This will be published in the July ISSA Journal. Just put it down here, already, to be able to link to it. ;-]
And, first, a picture:
[Toronno, ON]
After which (Dutch version linked here):
You have the Bystander Bug
One of the major pluses of open source software is that anyone, even you, could check the source code so, via logic, the chance that a somewhat hidden bug will be found in a heartbeat will rise to about one when enough people look at the source, now they can.
But we were recently surprised by just such a bug, with global implications. Sure, it turned out actually no-one keeps tabs on what open source software is used (in) where by whom.
So all the global software behemoths turned out to rely on pieces of open source software – and that software, maintained by literally a handful of volunteers on a budget of less than a couple of seconds of the major software vendors’ CEOs, actually had not been scrutinized to the level one would require even on a risk base. Certainly not given the widespread use which would make the risk to society grow high. Did we tacitly expect all the software vendors of the world to have inspected the open source code more carefully before it being deployed in the global infrastructure ..? How would one propose to organize that within those big, huge for-profit companies? What where (not if) the global infrastructure wasn’t ‘compiled’ into one but built using so many somewhat-black boxes? Virtualization and ‘cloud’ abstract this picture even further. Increasing the risks…

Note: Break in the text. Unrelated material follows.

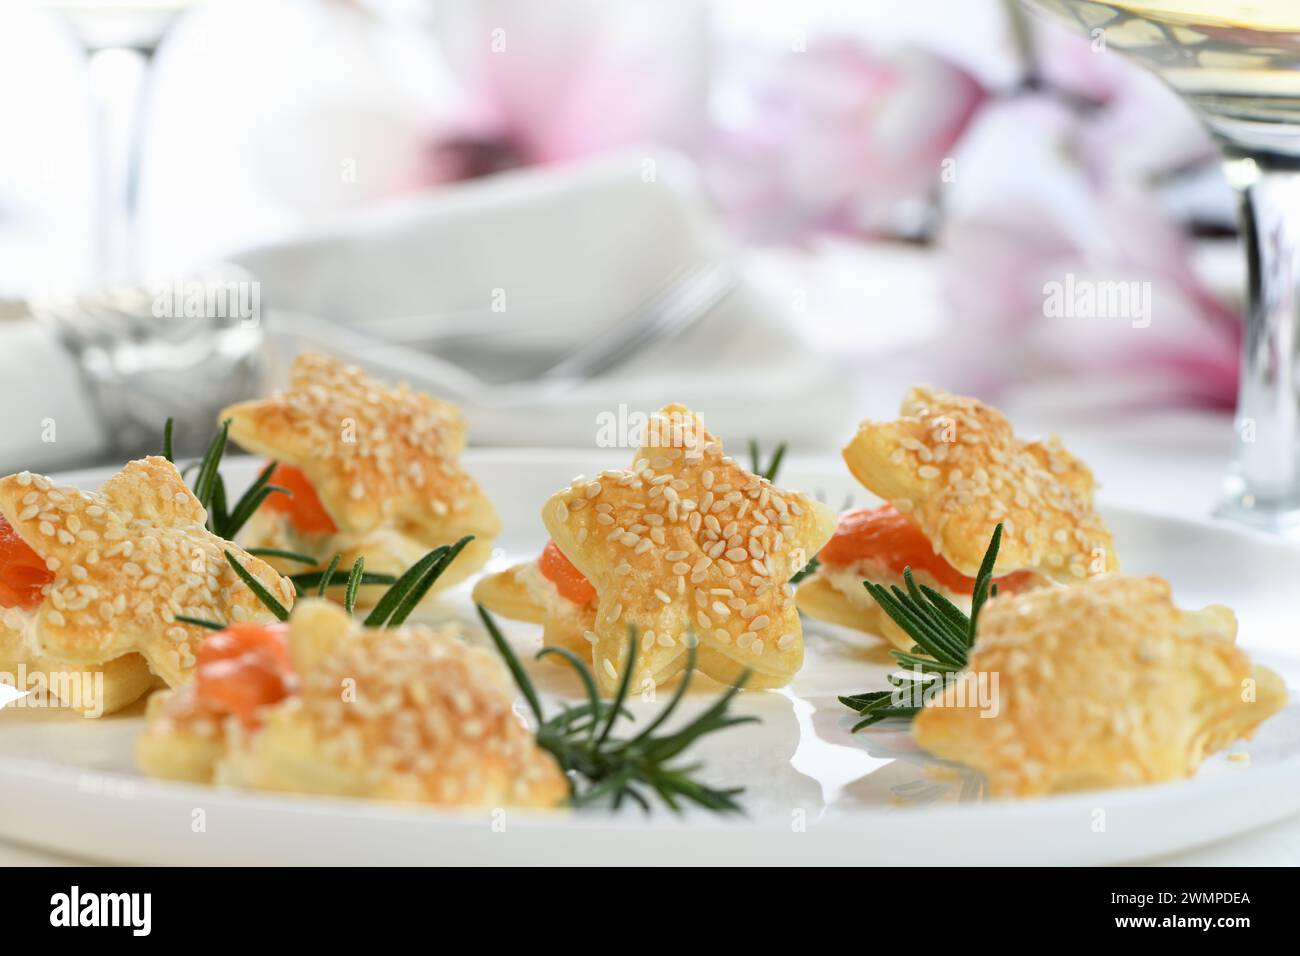 Festive appetizer of puff pastry in the shape of a star, stuffed with salmon and soft cheese. The perfect appetizer for your holiday table. Stock Photo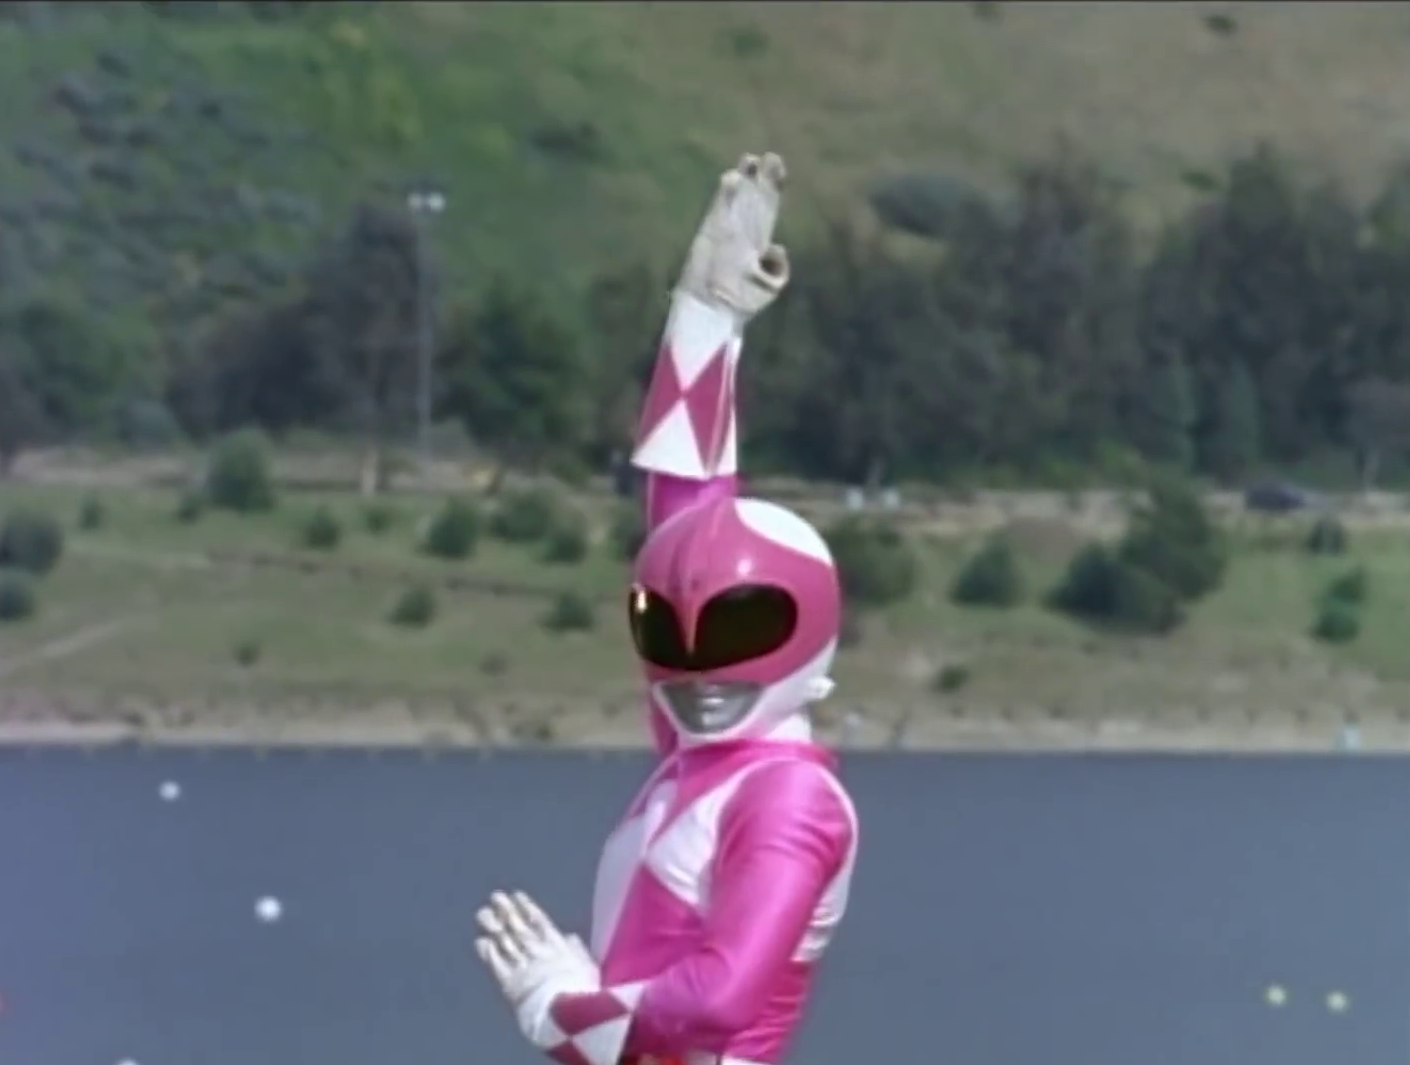 Free Ai Image Generator - High Quality and 100% Unique Images - iPic.Ai — Mighty  morphing pink zyuranger power ranger pteraranger maskman in tight bodyysuit  with helmet combat pose photorealistic skirt athletic body

But more worryingly, this also means that ‘we all’ suffer from the Bystander Effect. Someone’s in the water, unable to get out, and we all stand by without helping out because our psychology suggests we follow the herd. Yes, there are the stories of the Ones that beats this and jumps in to the rescue – but there’s also stories where such heroes don’t turn up. And, apparently, in the open source software world, there’s too few volunteers, on budgets far less than a shoe string, that jump in and do the hard work of detailed code inspections. Which means there’s also a great number, potentially about all, of us that look the other way, have made ourselves unaware, and just want to do our 9-to-5 job anywhere in the industry. In that way, we’re suffering from the bystander effect, aren’t we ..?
And, even worse, so far we seem to have escaped the worst results of this in e.g., voting machines. Here, how close was the call where everyone just accepted the machine program-ming and expected that because of its open source nature (if …), “someone will have looked at it, right …!?”. Though of course, on this subject, some zealots (?) did indeed do some code checking in some cases, and the troubles with secrecy of votes overshadowed the potential (!) tallying biases programmed in, knowingly or not. But still… when ‘machines’ are ever more relied upon, moving from such simple things like voting machines to a combination of human-independent big data analysis/action automata with software-defined-everything and the Internet of Things, where’s the scrutiny?
Will a new drive for increased security turn out to be too little, too narrowly focused and for too short at time, as many if not all after-the-fact corrections have been? If we leave it to ‘others’ again, with their own long-term interests probably more at heart than our even longer-term societal interests, we still suffer from the bystander effect and we may be guilty by inaction.
But then again, how do we get all this stuff organized …? Your suggestions, please.
[Edited to add I: The above is the original text; improved and toned down a bit when published officially in the ISSA Journal]
[Edited to add II: This link to an article on the infra itself]
[Edited to add III: The final version in PDF, here.]